* _ACTIVITY_
Please print the listing that follows word for word, but skip any pictures it holds.

* _DATASET EXTRACT_
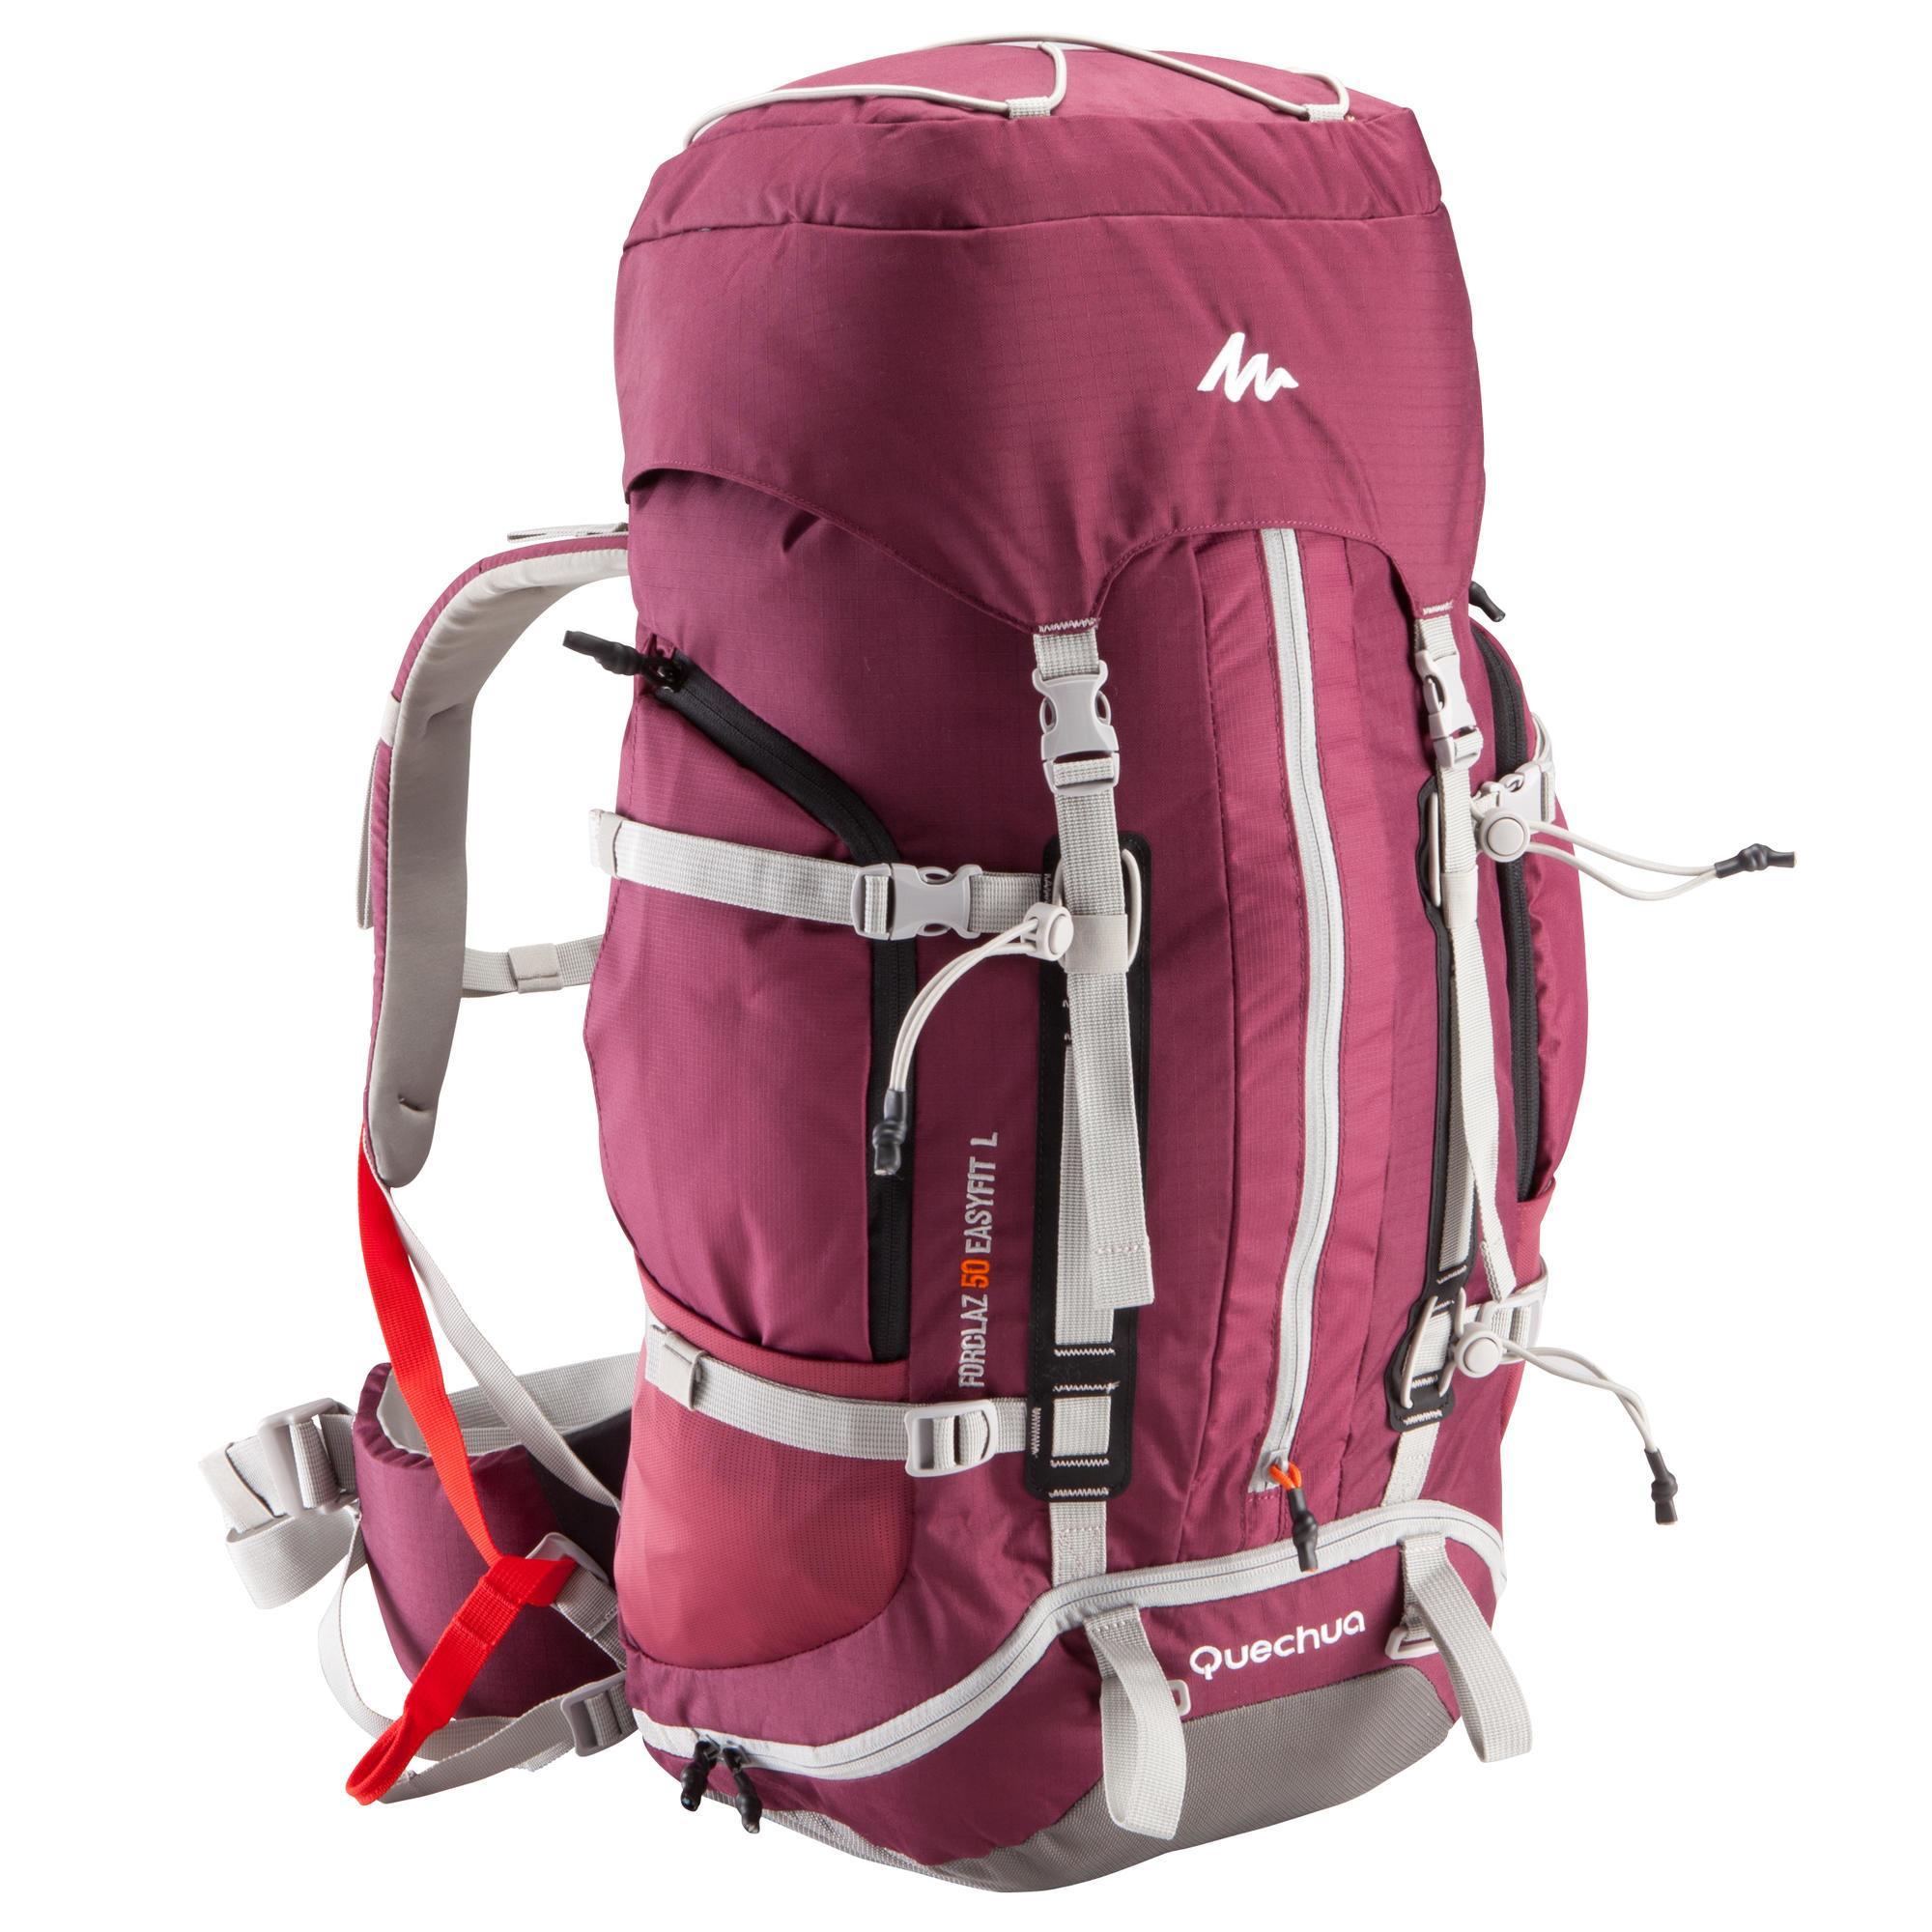 Inspecteur escort tyfoon Quechua Backpack voor dames Easyfit 50 l paars - Wanderbird - Travel
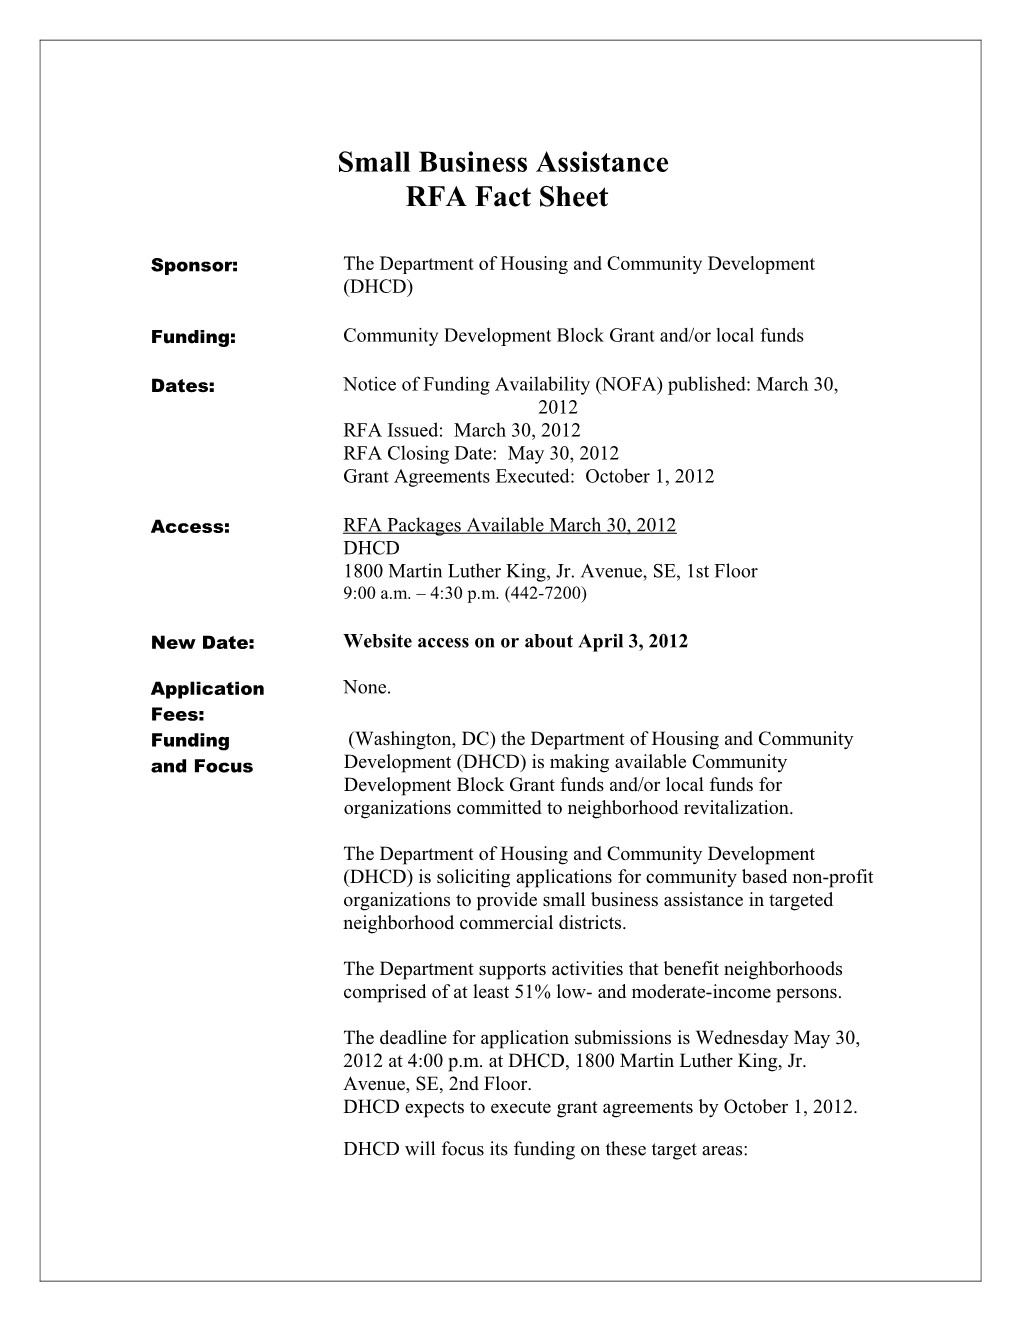 FY 2004 RFP Fact Sheet Update
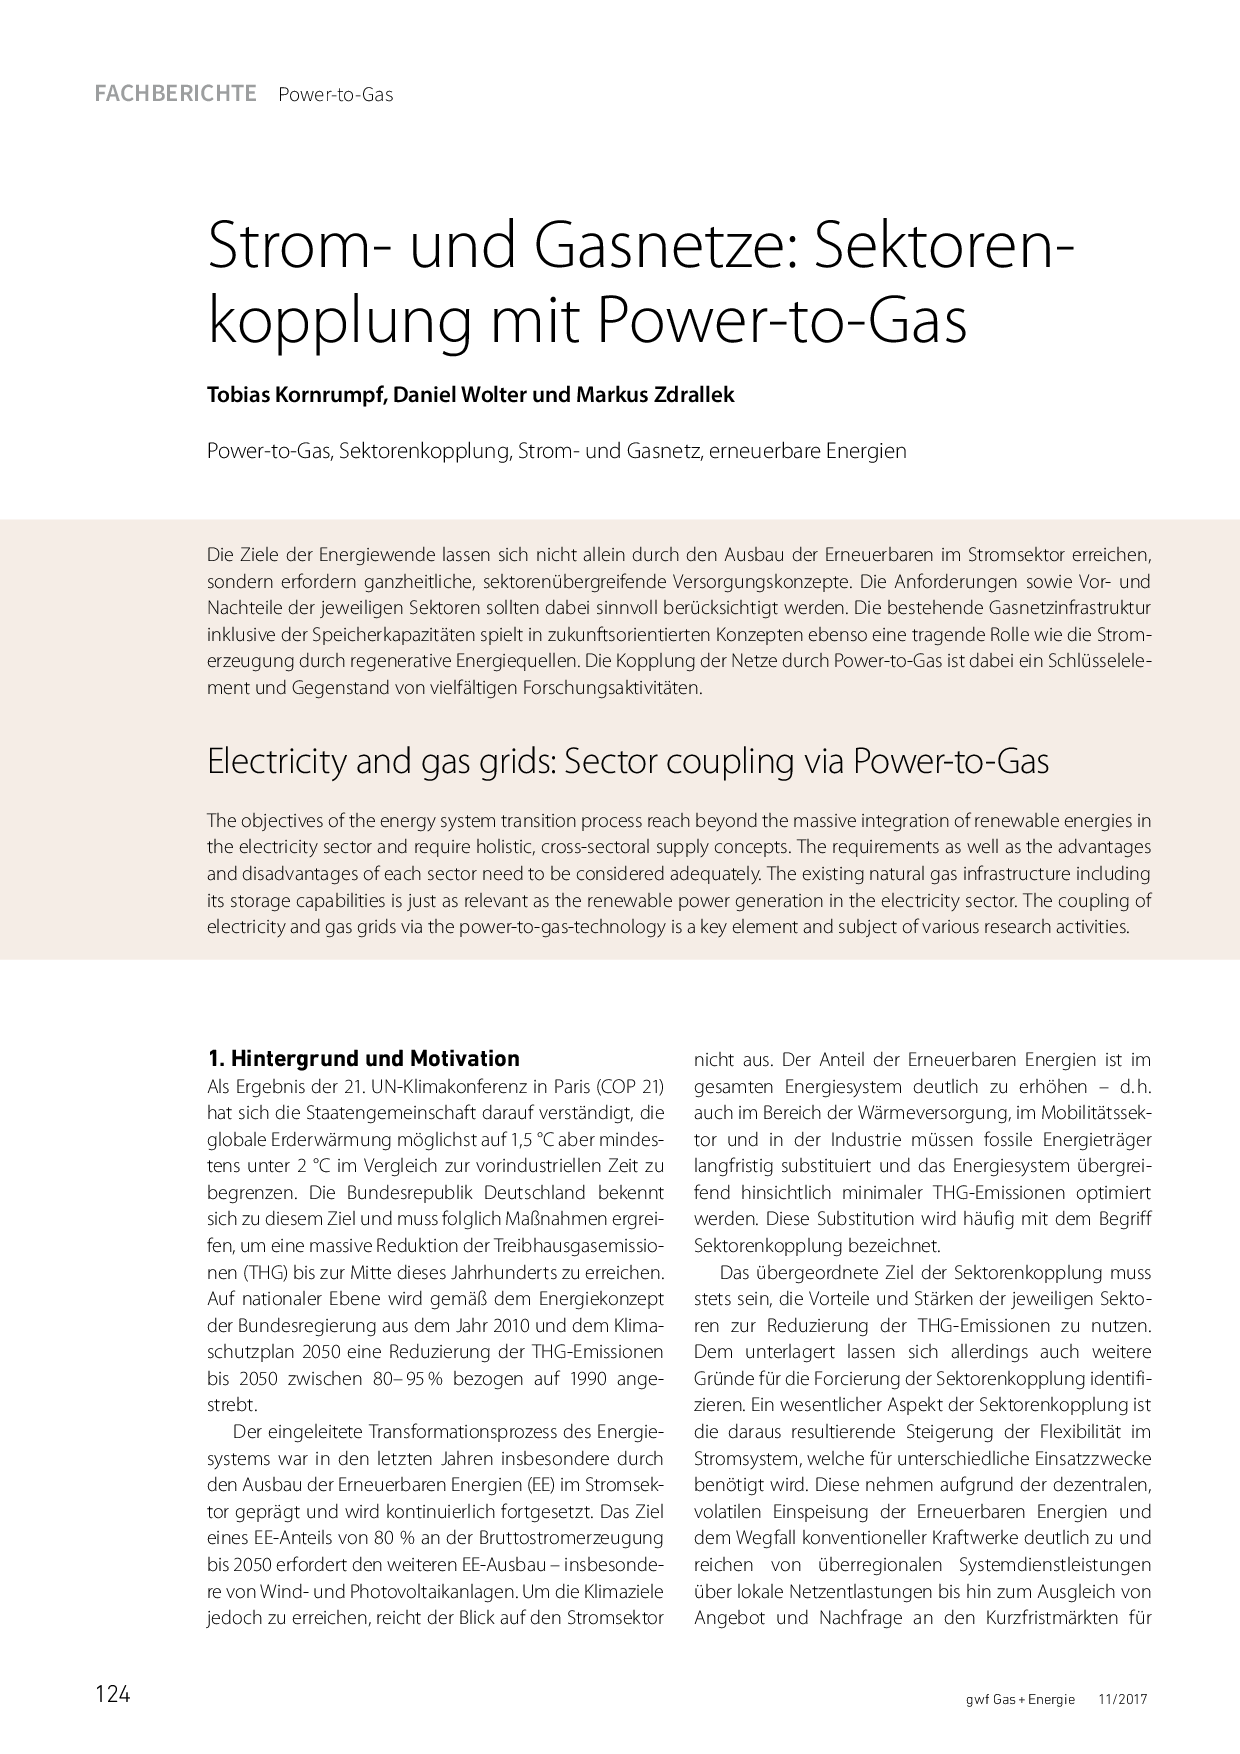 Strom- und Gasnetze: Sektorenkopplung mit Power-to-Gas

* _RESULT BELOW_
 Inspecteur escort tyfoon Quechua Backpack voor dames Easyfit 50 l paars - Wanderbird - Travel
 FY 2004 RFP Fact Sheet Update
 Strom- und Gasnetze: Sektorenkopplung mit Power-to-Gas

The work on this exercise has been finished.